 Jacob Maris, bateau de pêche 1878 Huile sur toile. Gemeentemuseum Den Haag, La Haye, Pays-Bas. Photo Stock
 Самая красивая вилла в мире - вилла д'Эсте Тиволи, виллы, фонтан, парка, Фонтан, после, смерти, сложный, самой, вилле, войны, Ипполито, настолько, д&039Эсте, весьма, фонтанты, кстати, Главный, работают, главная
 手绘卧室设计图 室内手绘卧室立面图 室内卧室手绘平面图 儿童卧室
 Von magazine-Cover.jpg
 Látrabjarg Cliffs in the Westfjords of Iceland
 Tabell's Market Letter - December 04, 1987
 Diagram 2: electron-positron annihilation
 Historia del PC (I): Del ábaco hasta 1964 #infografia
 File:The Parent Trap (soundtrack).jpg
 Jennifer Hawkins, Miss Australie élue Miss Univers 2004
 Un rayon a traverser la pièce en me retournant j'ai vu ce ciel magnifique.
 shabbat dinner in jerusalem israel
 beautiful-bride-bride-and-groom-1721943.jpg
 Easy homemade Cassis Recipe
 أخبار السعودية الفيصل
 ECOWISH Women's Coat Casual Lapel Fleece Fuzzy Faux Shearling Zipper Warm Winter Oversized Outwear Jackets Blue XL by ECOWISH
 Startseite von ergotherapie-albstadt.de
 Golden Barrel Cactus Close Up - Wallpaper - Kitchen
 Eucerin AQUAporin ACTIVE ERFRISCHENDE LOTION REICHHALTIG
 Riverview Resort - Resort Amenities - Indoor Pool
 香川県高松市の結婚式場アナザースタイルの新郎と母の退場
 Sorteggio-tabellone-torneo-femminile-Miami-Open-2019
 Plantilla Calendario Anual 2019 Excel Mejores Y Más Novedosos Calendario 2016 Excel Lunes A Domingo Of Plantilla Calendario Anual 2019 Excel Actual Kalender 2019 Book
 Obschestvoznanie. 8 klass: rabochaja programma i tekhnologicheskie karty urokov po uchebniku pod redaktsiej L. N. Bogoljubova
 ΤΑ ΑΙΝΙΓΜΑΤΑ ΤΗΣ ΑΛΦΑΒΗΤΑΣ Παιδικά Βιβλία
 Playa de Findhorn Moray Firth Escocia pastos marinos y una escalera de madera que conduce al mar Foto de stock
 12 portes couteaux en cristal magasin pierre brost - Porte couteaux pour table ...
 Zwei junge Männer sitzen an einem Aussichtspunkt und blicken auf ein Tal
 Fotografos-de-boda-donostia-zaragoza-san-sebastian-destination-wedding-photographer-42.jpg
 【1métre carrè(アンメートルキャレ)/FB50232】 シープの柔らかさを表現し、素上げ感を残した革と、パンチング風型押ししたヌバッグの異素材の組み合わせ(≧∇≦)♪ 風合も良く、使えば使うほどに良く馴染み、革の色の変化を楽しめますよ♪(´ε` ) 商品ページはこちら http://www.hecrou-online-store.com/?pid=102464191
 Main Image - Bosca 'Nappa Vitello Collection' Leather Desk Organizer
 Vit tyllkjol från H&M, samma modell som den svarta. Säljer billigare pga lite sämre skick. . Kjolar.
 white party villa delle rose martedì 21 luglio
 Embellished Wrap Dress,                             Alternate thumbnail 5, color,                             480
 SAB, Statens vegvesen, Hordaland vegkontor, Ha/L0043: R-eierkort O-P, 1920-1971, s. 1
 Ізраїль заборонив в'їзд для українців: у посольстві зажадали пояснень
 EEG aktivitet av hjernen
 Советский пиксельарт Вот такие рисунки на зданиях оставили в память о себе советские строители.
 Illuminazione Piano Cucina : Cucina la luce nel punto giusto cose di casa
+++++
[The problem]: Would you output every record above exactly as it stands?

[Exercise solution]:
 Jacob Maris, bateau de pêche 1878 Huile sur toile. Gemeentemuseum Den Haag, La Haye, Pays-Bas. Photo Stock
 Самая красивая вилла в мире - вилла д'Эсте Тиволи, виллы, фонтан, парка, Фонтан, после, смерти, сложный, самой, вилле, войны, Ипполито, настолько, д&039Эсте, весьма, фонтанты, кстати, Главный, работают, главная
 手绘卧室设计图 室内手绘卧室立面图 室内卧室手绘平面图 儿童卧室
 Von magazine-Cover.jpg
 Látrabjarg Cliffs in the Westfjords of Iceland
 Tabell's Market Letter - December 04, 1987
 Diagram 2: electron-positron annihilation
 Historia del PC (I): Del ábaco hasta 1964 #infografia
 File:The Parent Trap (soundtrack).jpg
 Jennifer Hawkins, Miss Australie élue Miss Univers 2004
 Un rayon a traverser la pièce en me retournant j'ai vu ce ciel magnifique.
 shabbat dinner in jerusalem israel
 beautiful-bride-bride-and-groom-1721943.jpg
 Easy homemade Cassis Recipe
 أخبار السعودية الفيصل
 ECOWISH Women's Coat Casual Lapel Fleece Fuzzy Faux Shearling Zipper Warm Winter Oversized Outwear Jackets Blue XL by ECOWISH
 Startseite von ergotherapie-albstadt.de
 Golden Barrel Cactus Close Up - Wallpaper - Kitchen
 Eucerin AQUAporin ACTIVE ERFRISCHENDE LOTION REICHHALTIG
 Riverview Resort - Resort Amenities - Indoor Pool
 香川県高松市の結婚式場アナザースタイルの新郎と母の退場
 Sorteggio-tabellone-torneo-femminile-Miami-Open-2019
 Plantilla Calendario Anual 2019 Excel Mejores Y Más Novedosos Calendario 2016 Excel Lunes A Domingo Of Plantilla Calendario Anual 2019 Excel Actual Kalender 2019 Book
 Obschestvoznanie. 8 klass: rabochaja programma i tekhnologicheskie karty urokov po uchebniku pod redaktsiej L. N. Bogoljubova
 ΤΑ ΑΙΝΙΓΜΑΤΑ ΤΗΣ ΑΛΦΑΒΗΤΑΣ Παιδικά Βιβλία
 Playa de Findhorn Moray Firth Escocia pastos marinos y una escalera de madera que conduce al mar Foto de stock
 12 portes couteaux en cristal magasin pierre brost - Porte couteaux pour table ...
 Zwei junge Männer sitzen an einem Aussichtspunkt und blicken auf ein Tal
 Fotografos-de-boda-donostia-zaragoza-san-sebastian-destination-wedding-photographer-42.jpg
 【1métre carrè(アンメートルキャレ)/FB50232】 シープの柔らかさを表現し、素上げ感を残した革と、パンチング風型押ししたヌバッグの異素材の組み合わせ(≧∇≦)♪ 風合も良く、使えば使うほどに良く馴染み、革の色の変化を楽しめますよ♪(´ε` ) 商品ページはこちら http://www.hecrou-online-store.com/?pid=102464191
 Main Image - Bosca 'Nappa Vitello Collection' Leather Desk Organizer
 Vit tyllkjol från H&M, samma modell som den svarta. Säljer billigare pga lite sämre skick. . Kjolar.
 white party villa delle rose martedì 21 luglio
 Embellished Wrap Dress,                             Alternate thumbnail 5, color,                             480
 SAB, Statens vegvesen, Hordaland vegkontor, Ha/L0043: R-eierkort O-P, 1920-1971, s. 1
 Ізраїль заборонив в'їзд для українців: у посольстві зажадали пояснень
 EEG aktivitet av hjernen
 Советский пиксельарт Вот такие рисунки на зданиях оставили в память о себе советские строители.
 Illuminazione Piano Cucina : Cucina la luce nel punto giusto cose di casa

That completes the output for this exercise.